Work request
Set the data down exactly as it stands, and keep its pictures out.

++++ Supplied data ++++

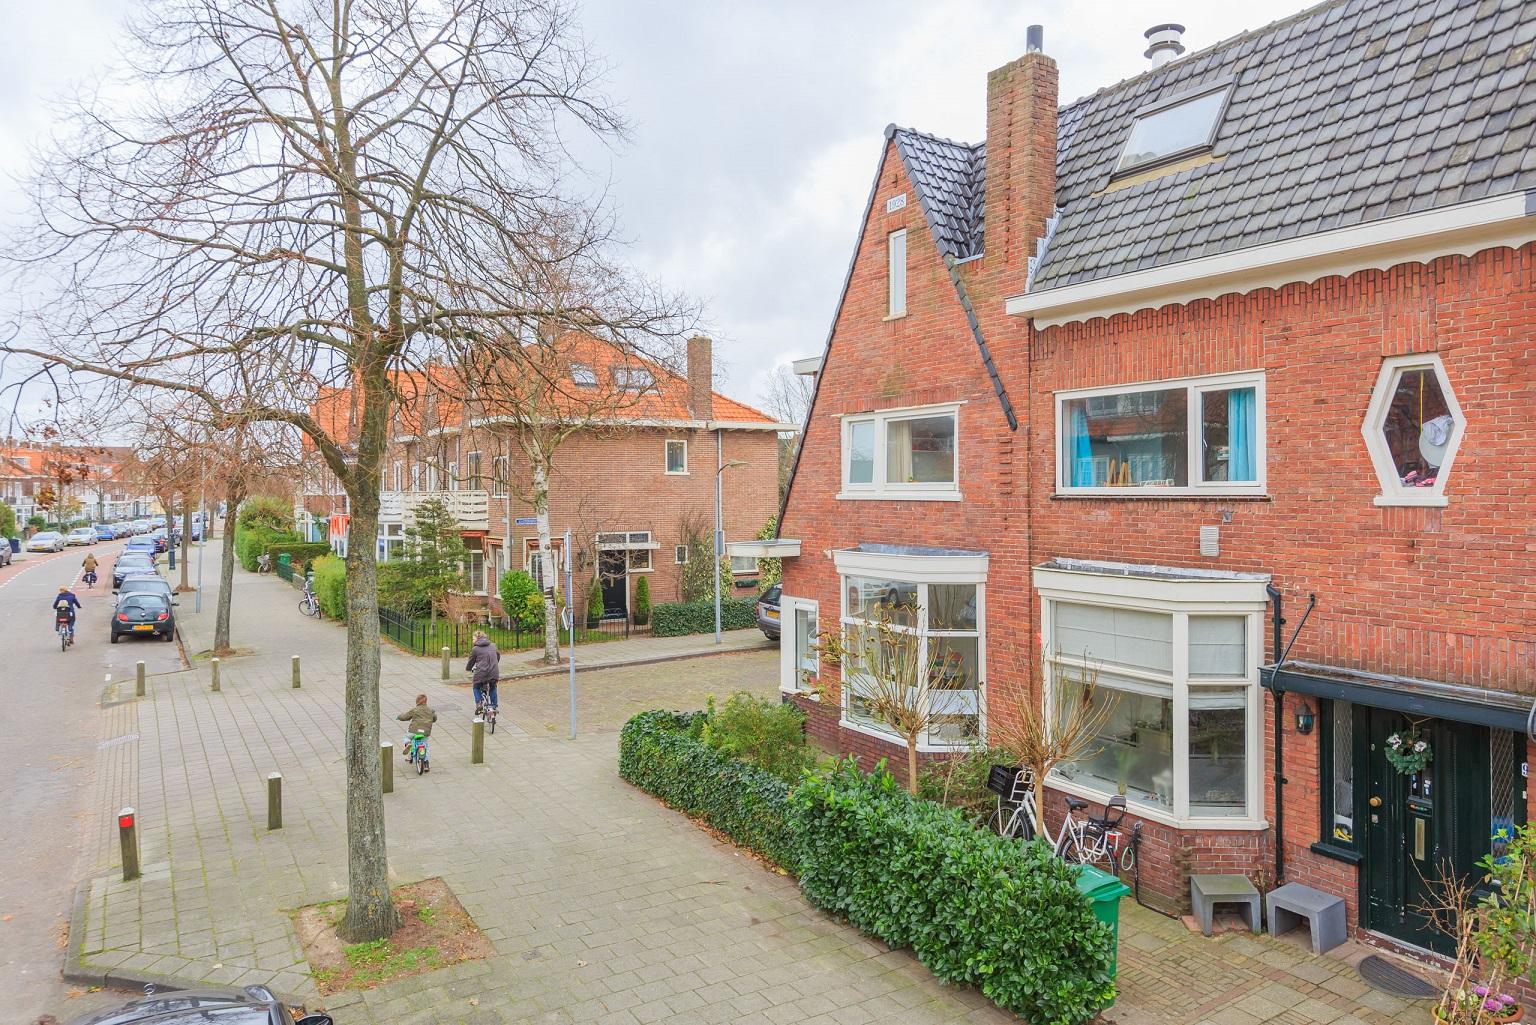 Schoterveenstraat, Haarlem
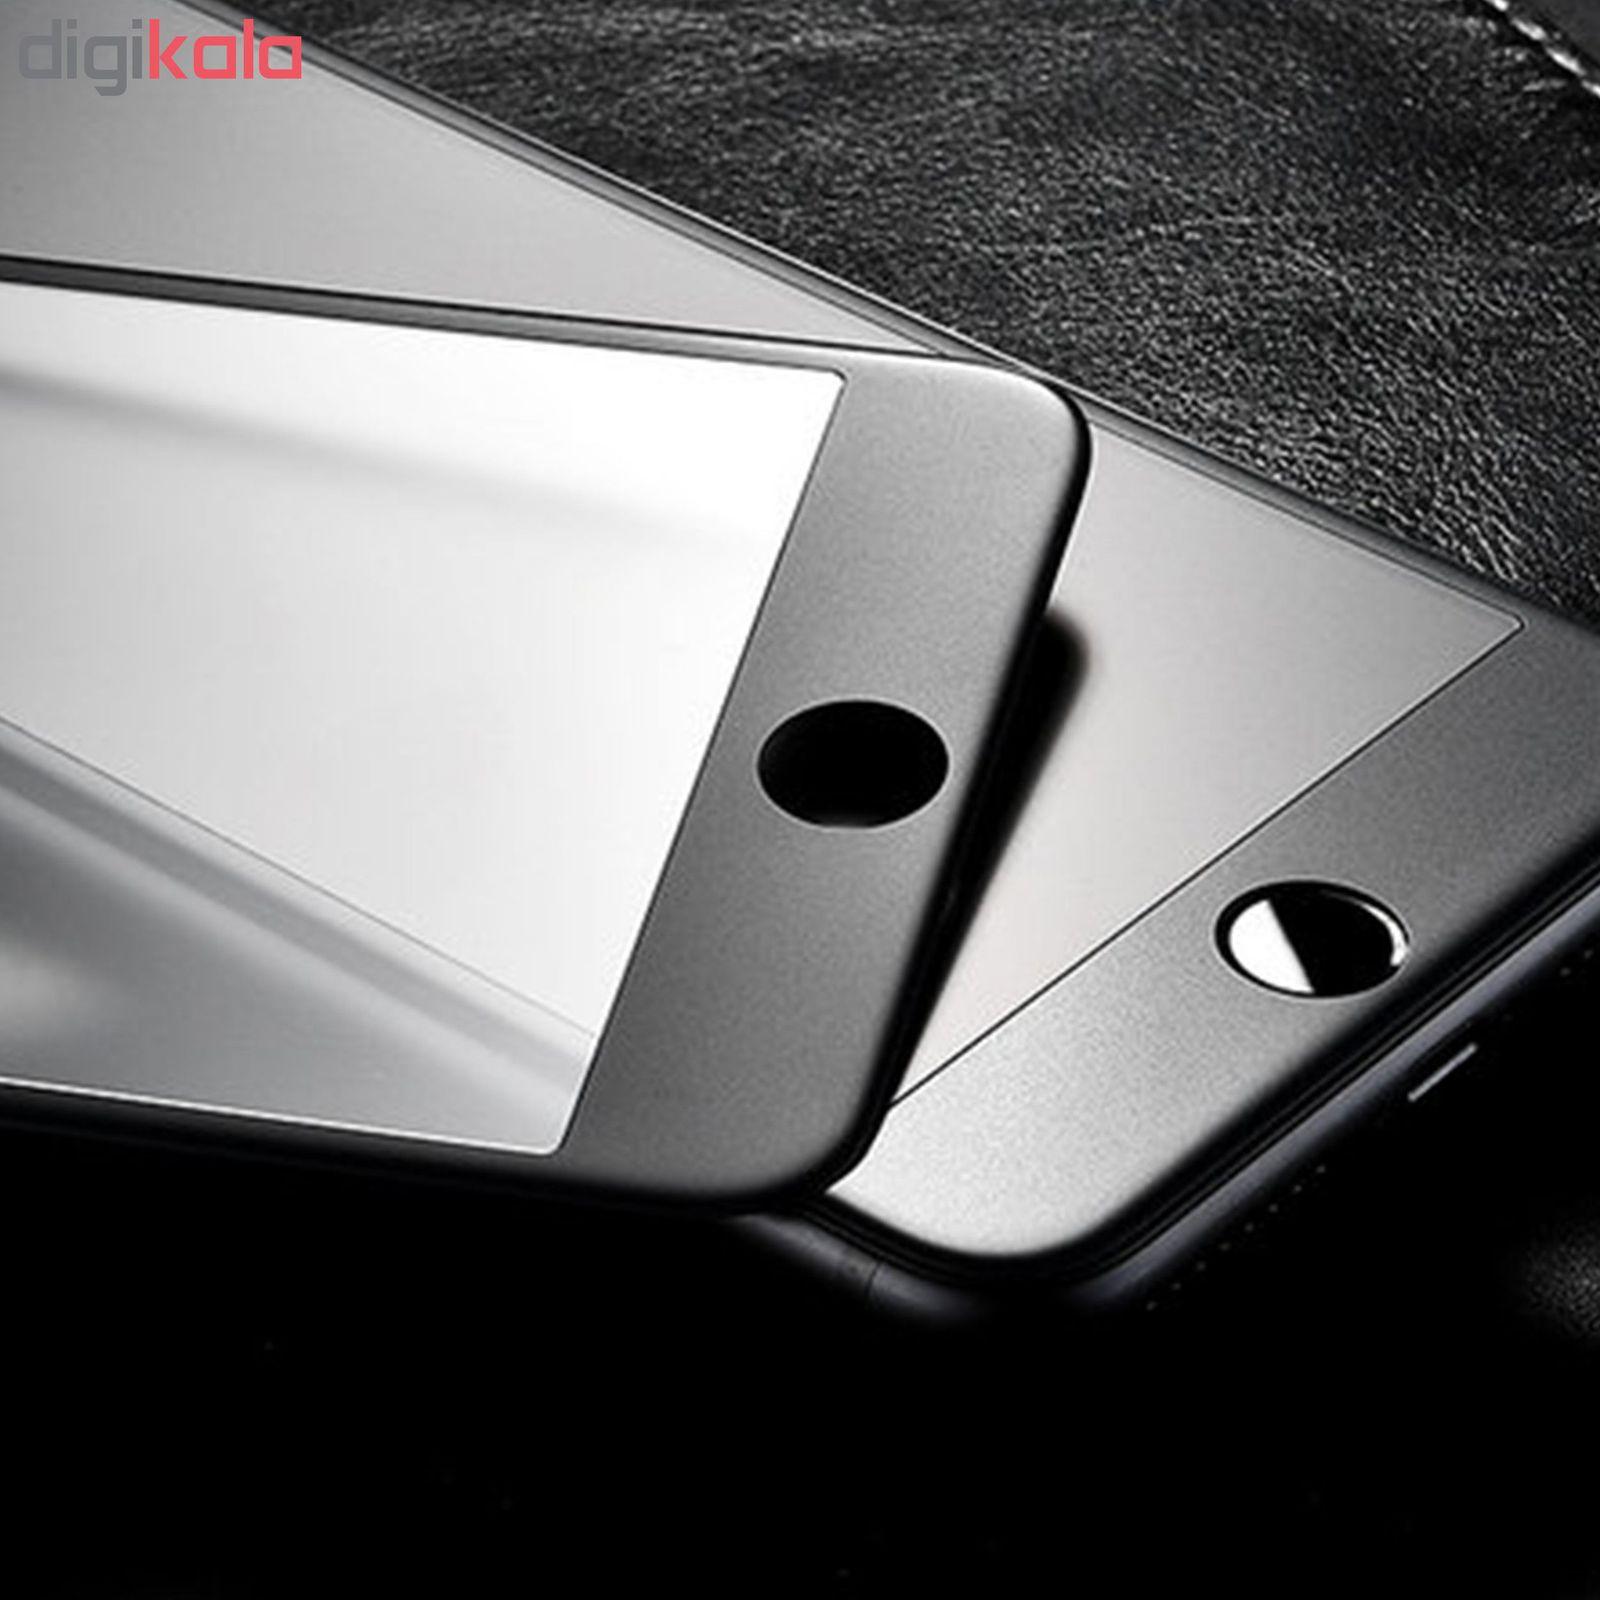 محافظ صفحه نمایش مات پنتر مدل PFG-017 مناسب برای گوشی موبایل اپل iPhone 6 Plus / 6s Plus main 1 2
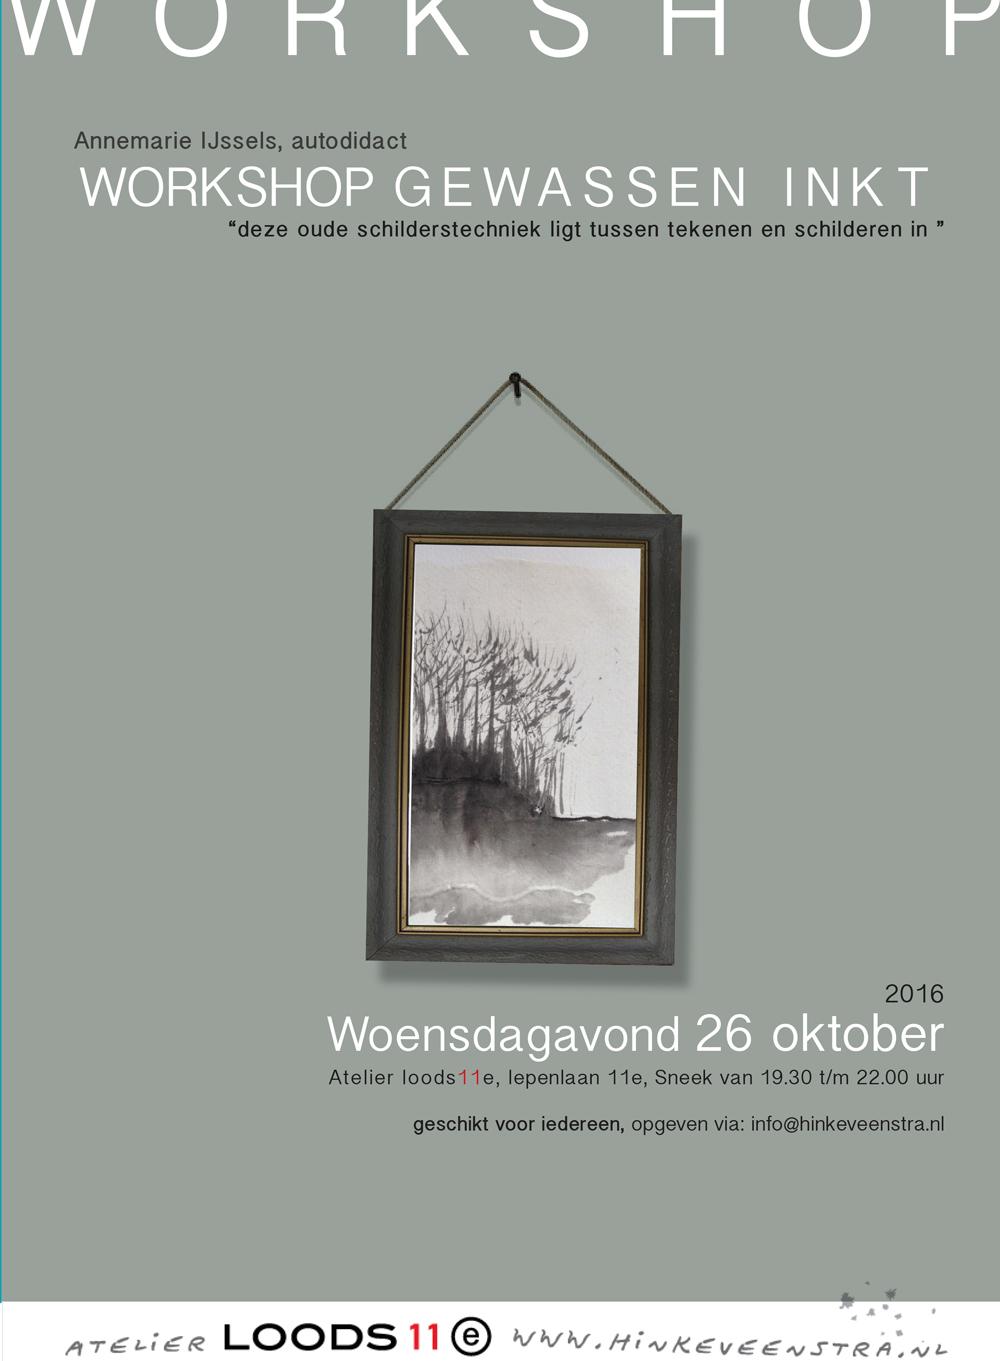 poster-workshop-iepenlaan-11e-,3
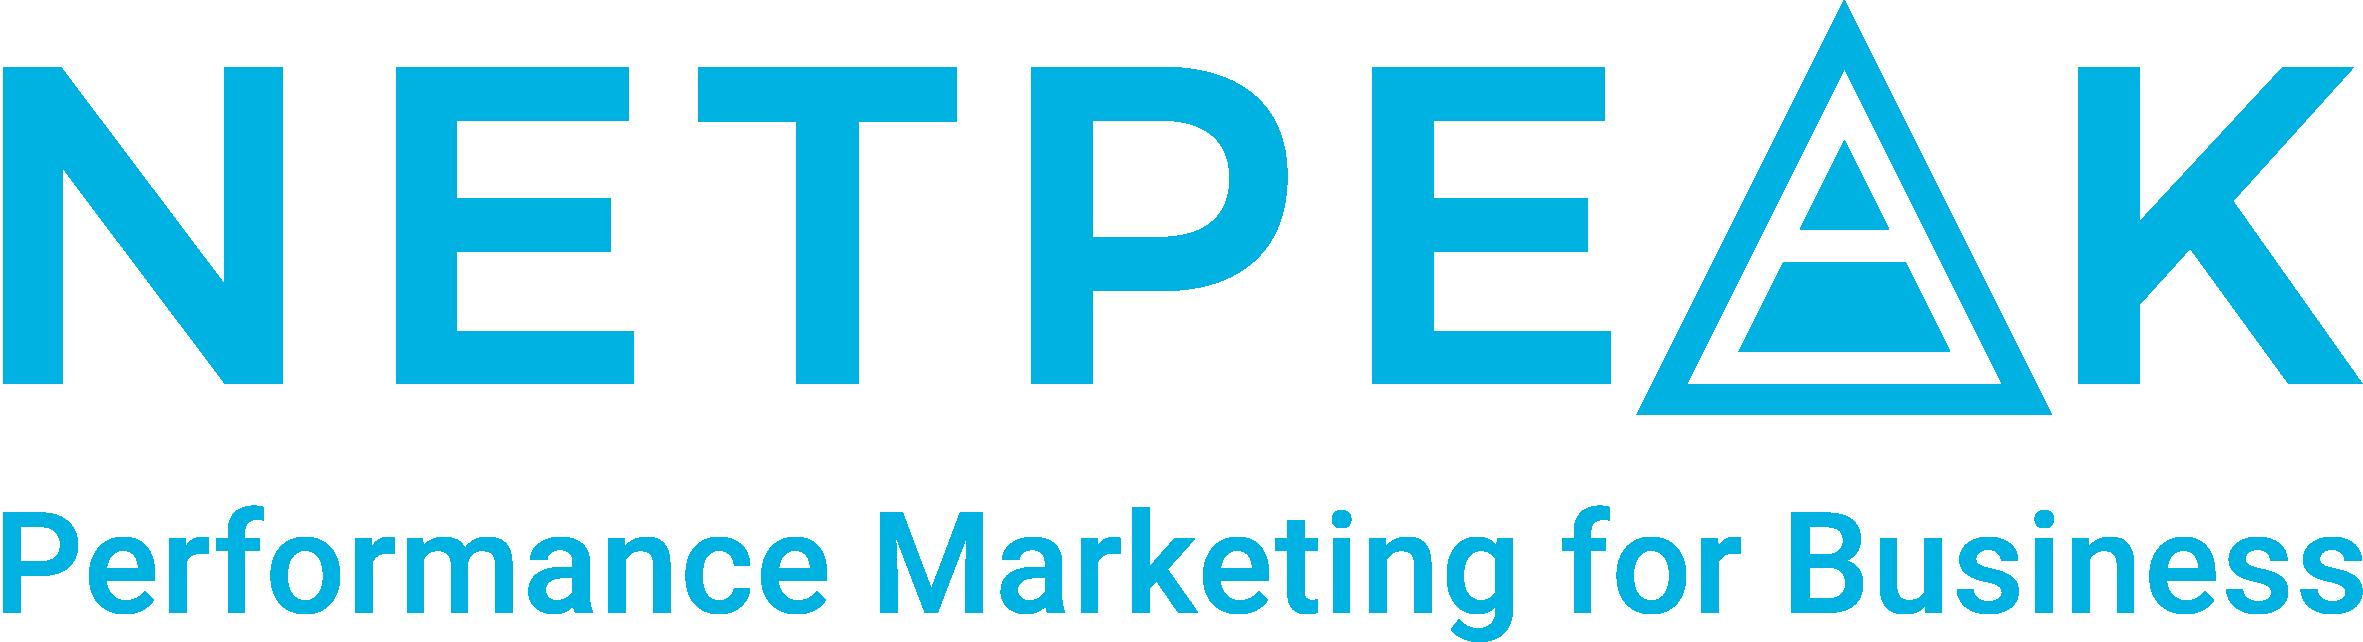 our logo blue icon

++++

Task output
 Schoterveenstraat, Haarlem
 محافظ صفحه نمایش مات پنتر مدل PFG-017 مناسب برای گوشی موبایل اپل iPhone 6 Plus / 6s Plus main 1 2
 poster-workshop-iepenlaan-11e-,3
 our logo blue icon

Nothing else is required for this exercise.